▼
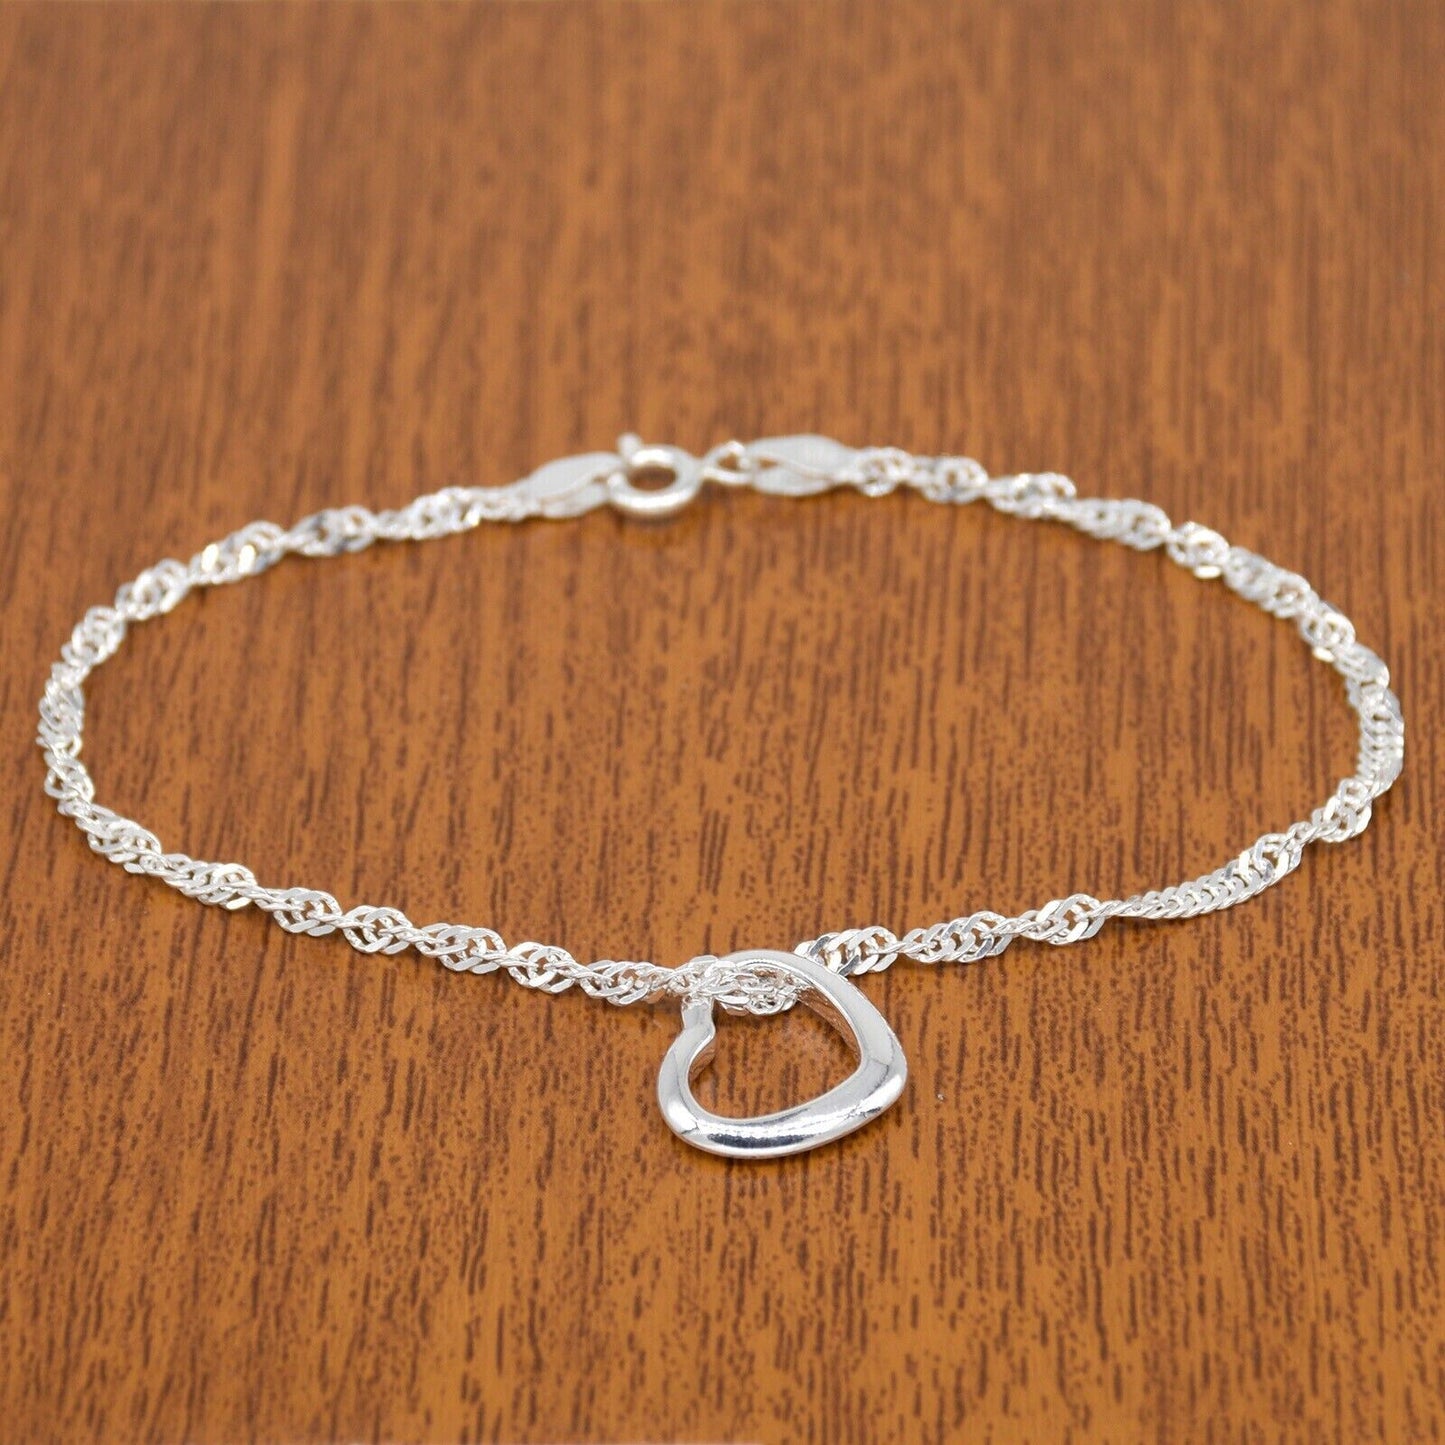 Genuine 925 Sterling Silver Singapore Chain Bracelet W/ Open Heart Charm
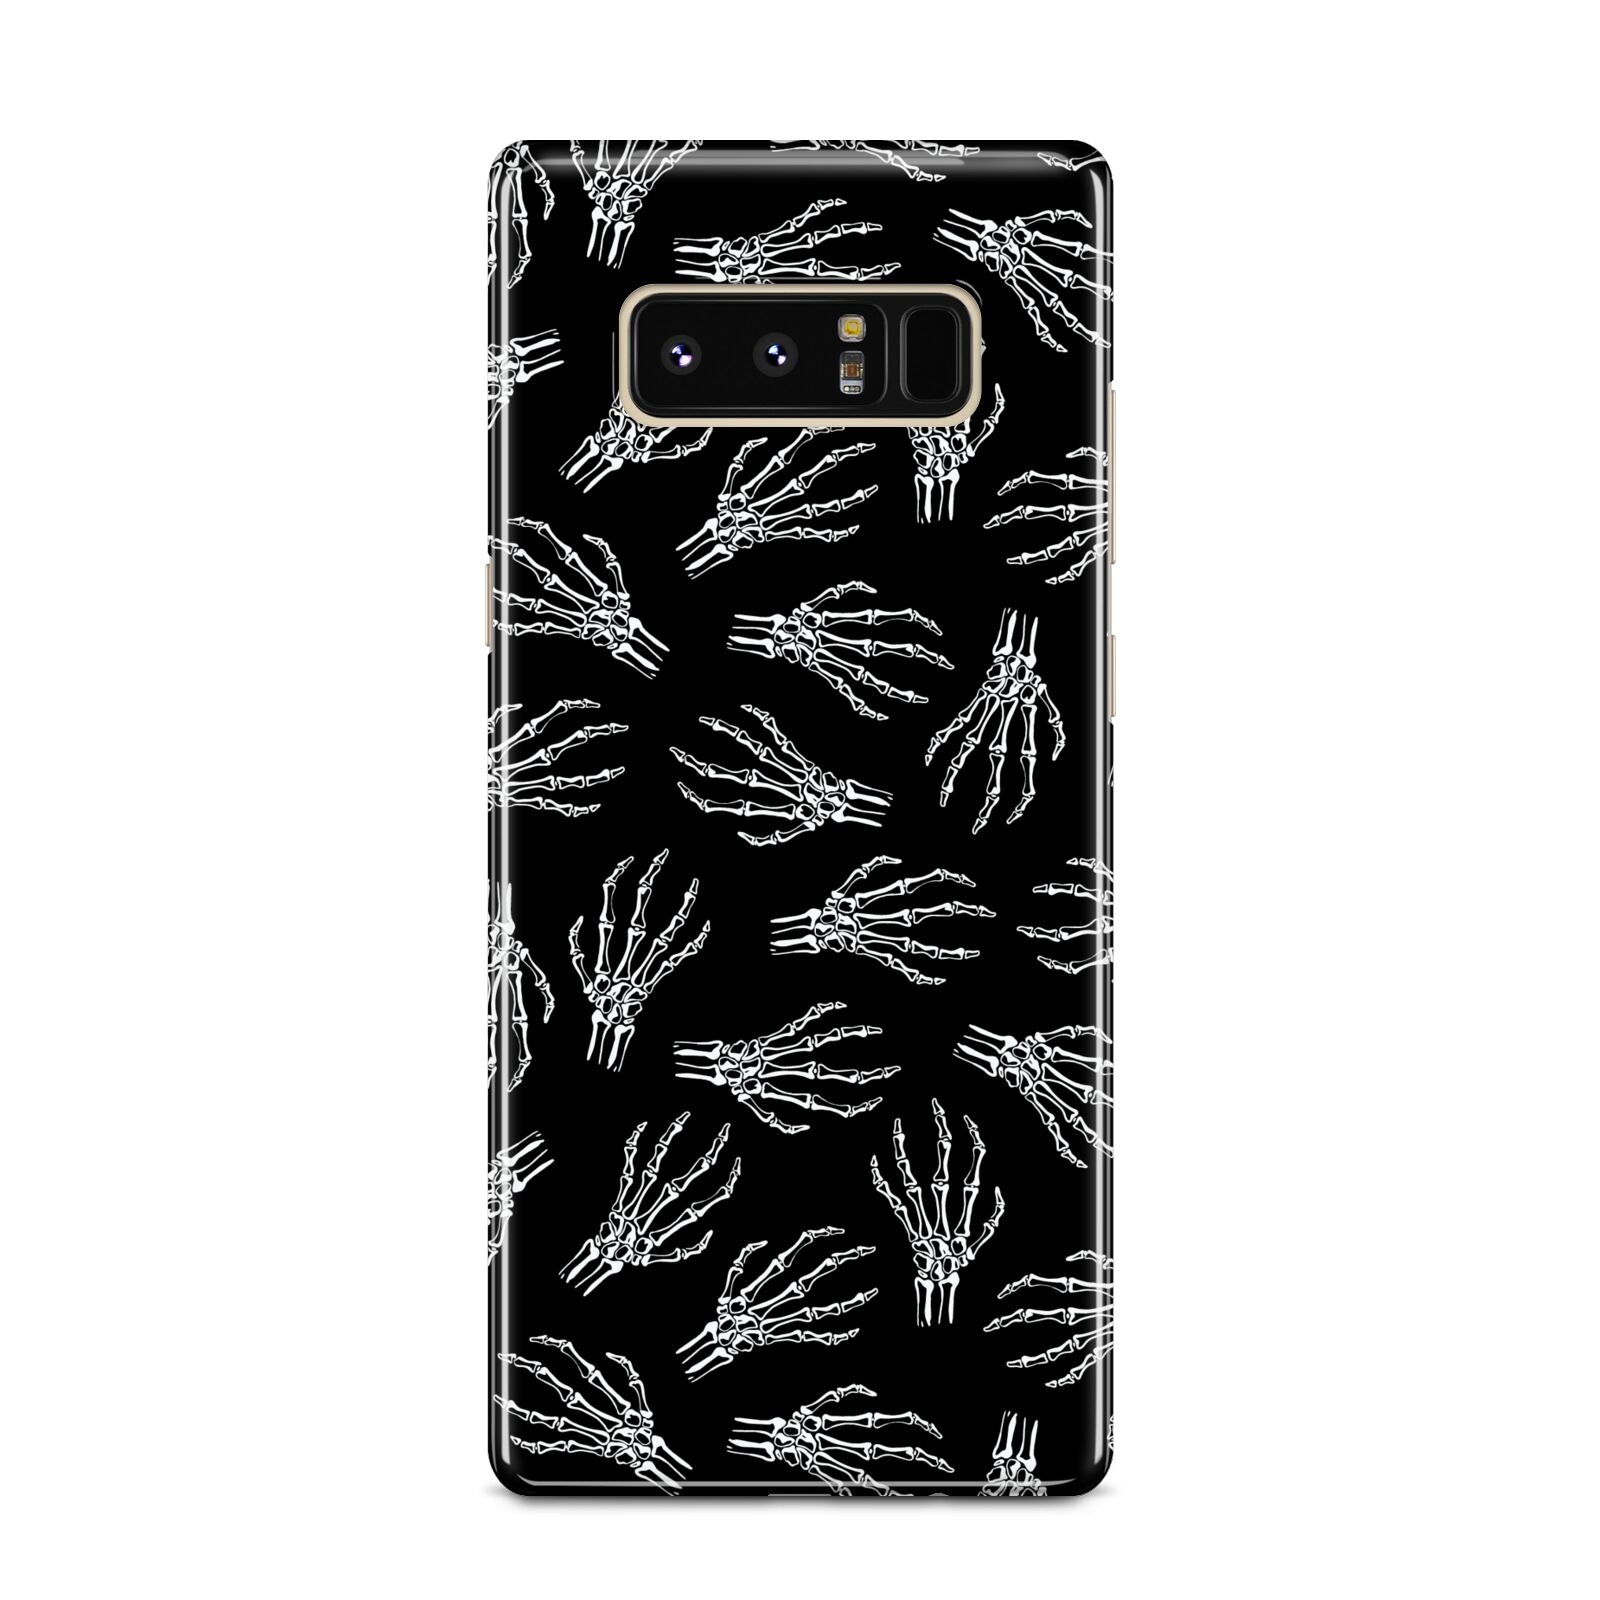 Skeleton Hands Samsung Galaxy Note 8 Case
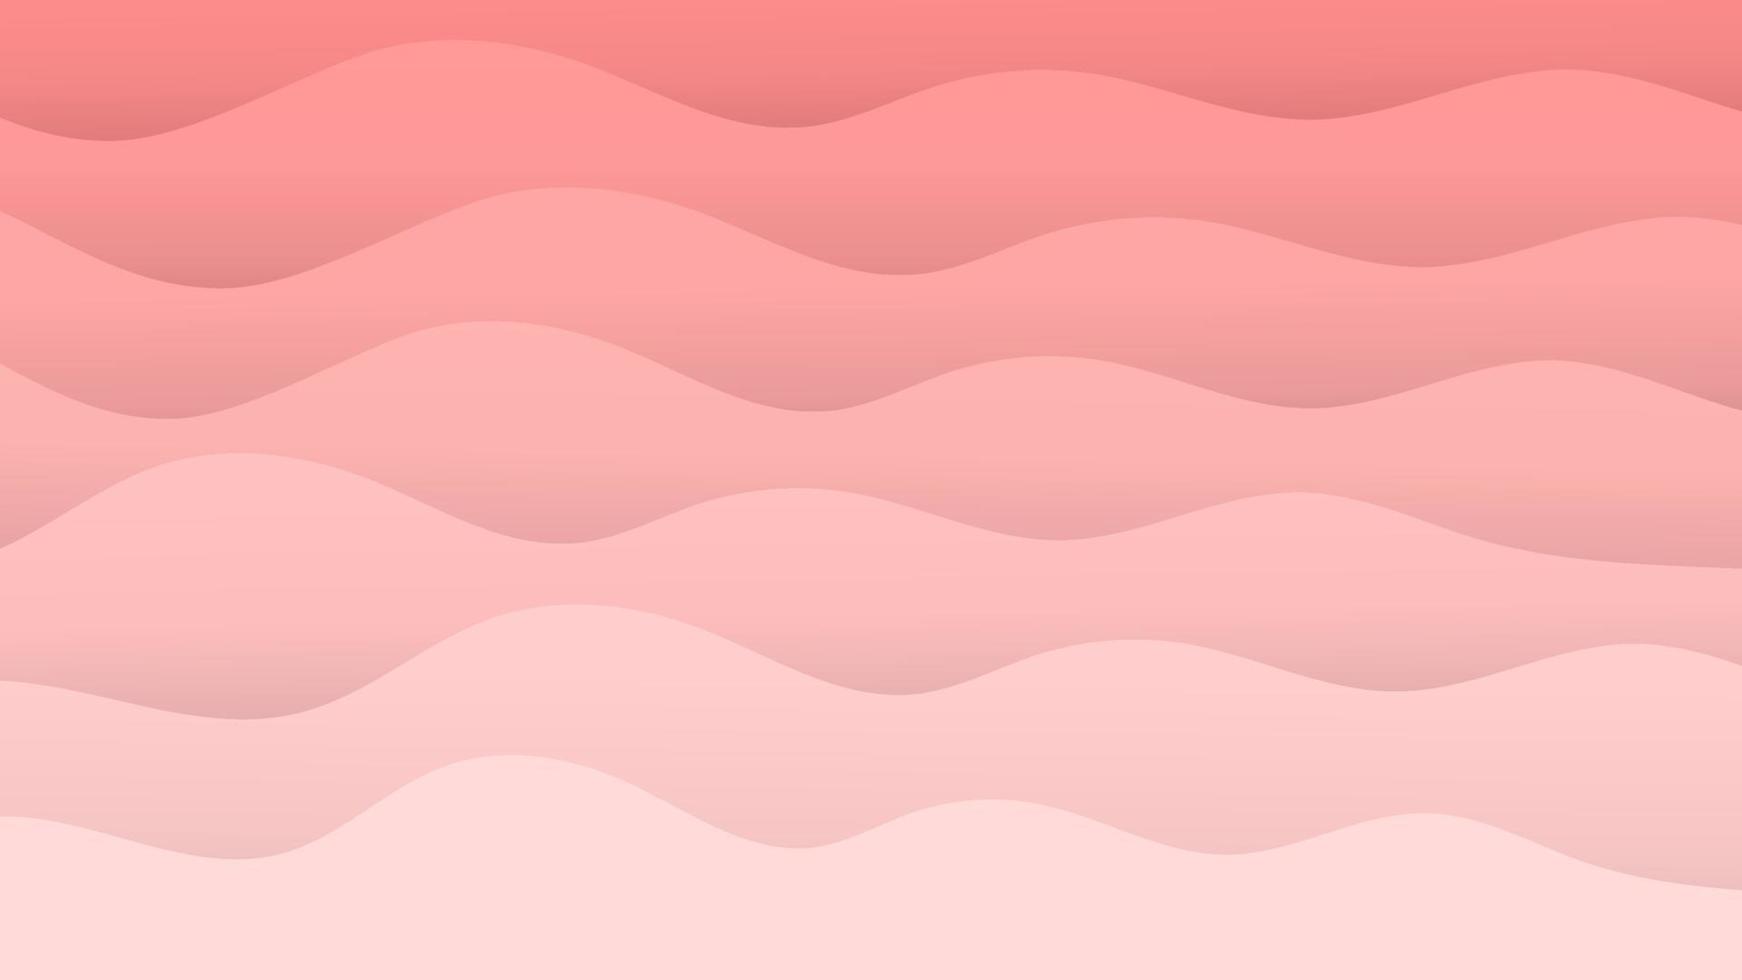 Vektorgrafik rosa Wellenmuster, sanfte Pastellwellen mit Farbverlauf, abstrakter rosa Muschelstil vektor
▲
With the pictures removed, set down every line of the listing above exactly.

Response area -
 Genuine 925 Sterling Silver Singapore Chain Bracelet W/ Open Heart Charm
 Skeleton Hands Samsung Galaxy Note 8 Case
 Vektorgrafik rosa Wellenmuster, sanfte Pastellwellen mit Farbverlauf, abstrakter rosa Muschelstil vektor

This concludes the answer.